IPP Mail Archive: Re: IPP> MOD - Separate 'document-format' and 'document-language'

Re: IPP> MOD - Separate 'document-format' and 'document-language'

Ned Freed (Ned.Freed@innosoft.com)
Tue, 30 Sep 1997 17:34:13 -0700 (PDT)

> Thanks for the quick response. Actually I did re-read that section
> of RFC 2046 and the short list (US-ASCII and ISO-8859-X) were
> termed the 'Internet standard character sets'.

No, they were termed the "initial set of registered charsets". I just
didn't see fit to reiterate that this is only the initial set throughout
the section. However, since this is proving to be confusing here I'll change
the specification the next time it comes out to be more explicit about
this throughout.

Note, however, that this same section says:

No charset name other than those defined above may be used in Internet
mail without the publication of a formal specification and its registration
with IANA, or by private agreement, in which case the charset name must
begin with "X-".

In other words, the list may be amended at any time by registering the charset
with IANA and publishing a formal specification of it.

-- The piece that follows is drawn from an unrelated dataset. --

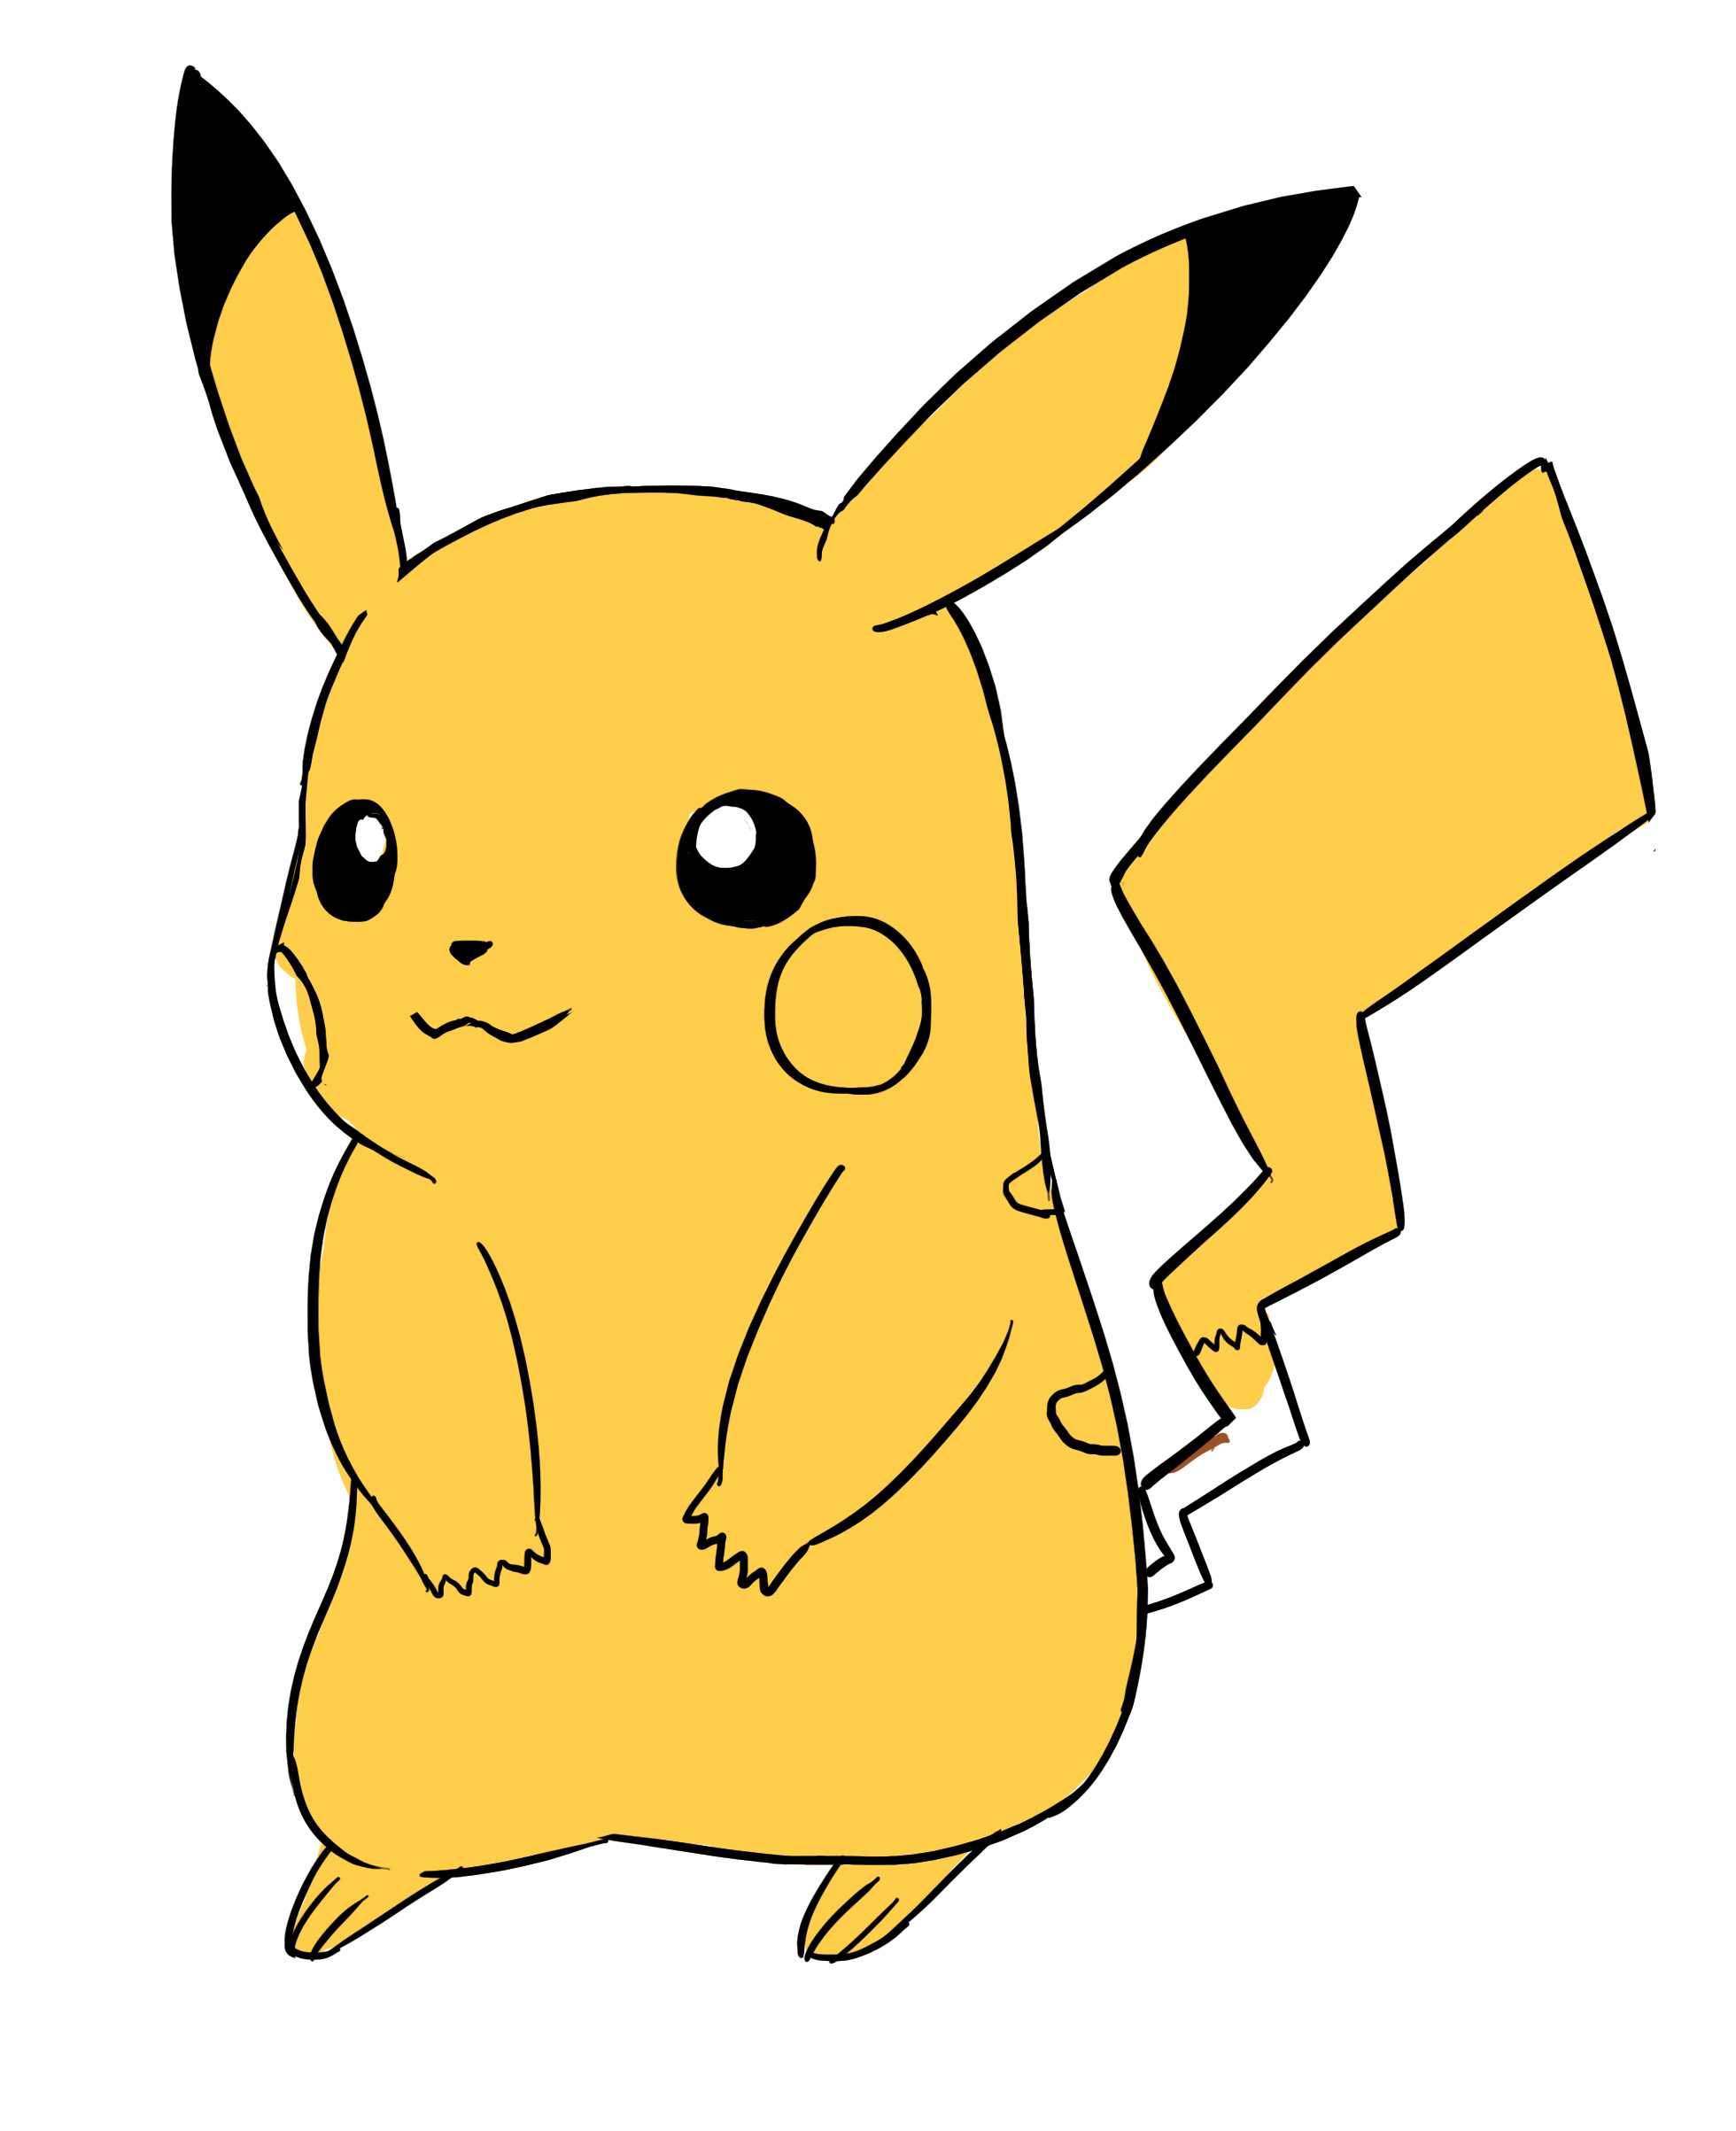 Appliquer la couleur jaune au corps de Pikachu

And once this is done
the clear implication is that such charsets may be used in Internet mail.

Note also that this is specific to Internet mail. There are many other uses of
MIME on the Internet other than Internet mail and they are not bound by this
rule. (This omission is intentional, BTW.)

> It also says a
> little later, 'this standard does NOT endorse the use of any
> character set other than US-ASCII'.

No it doesn't. The document says that it doesn't endorse the use of any
_particular_ charset other than US-ASCII. This is a _completely_ different
thing. Specifically, it means that the document authors (myself and Nathaniel
Borenstein) did not see fit to endorse the use of, say, iso-2022 derived
charsets rather than, say, iso-10646 derived charsets. (This was a big
unresolved issue at the time and the only way we could get consensus was to
explicitly say that we weren't endorsing anything in particular.) However, the
IAB has now specifically endorsed the use of iso-10646 derived charsets in
favor of iso-2022 derived ones and the IESG is about to turn this endorsement
into a formal policy for the IETF to follow. So this statement ceases to have
any relevance and will be removed from the document the next time around.

> I'm aware that UTF-8 is registered in the IANA character set
> registry. What I couldn't find was an unambiguous statement
> in RFC 2046 (or an updating RFC) that ANY IANA registered
> character set MAY be specified in a 'charset' parameter of
> a MIME 'media-type'. Can you point at such a statement, to
> help us all out?

No such statement exists because no such statement is required. As I pointed
out above, the only restriction is that unregistered may not be used except by
private agreement.

You seem to be missing out on one of the most basic precepts of MIME here. MIME
is mostly proscriptive in nature, it is rarely prescriptive in nature. That is,
MIME tells you what you cannot do; it does not specifically tell you all the
things you can do. You're expected to infer that everything that isn't
specifically prohibited is allowed without being told so in so many words.

This differs greatly from many if not most other standards specifications, and
is one of the reasons why MIME has has so little trouble readily adapting to
world's ever-changing use of different media types, charsets, and so on.

Now, I freely admit that the language in this particular part of MIME is
awkard. However, there's a reason for this -- at the time these documents were
advanced there was no charset registration procedure in place to reference.
However, IETF has hard and fast rules about such references, and they had to be
followed regardless of how awkward the resulting prose ended up. Had they not
been we'd be stuck with RFC1521 and RFC1522 to this day, since the charset
registration issue is still not completely dealt with.

Ned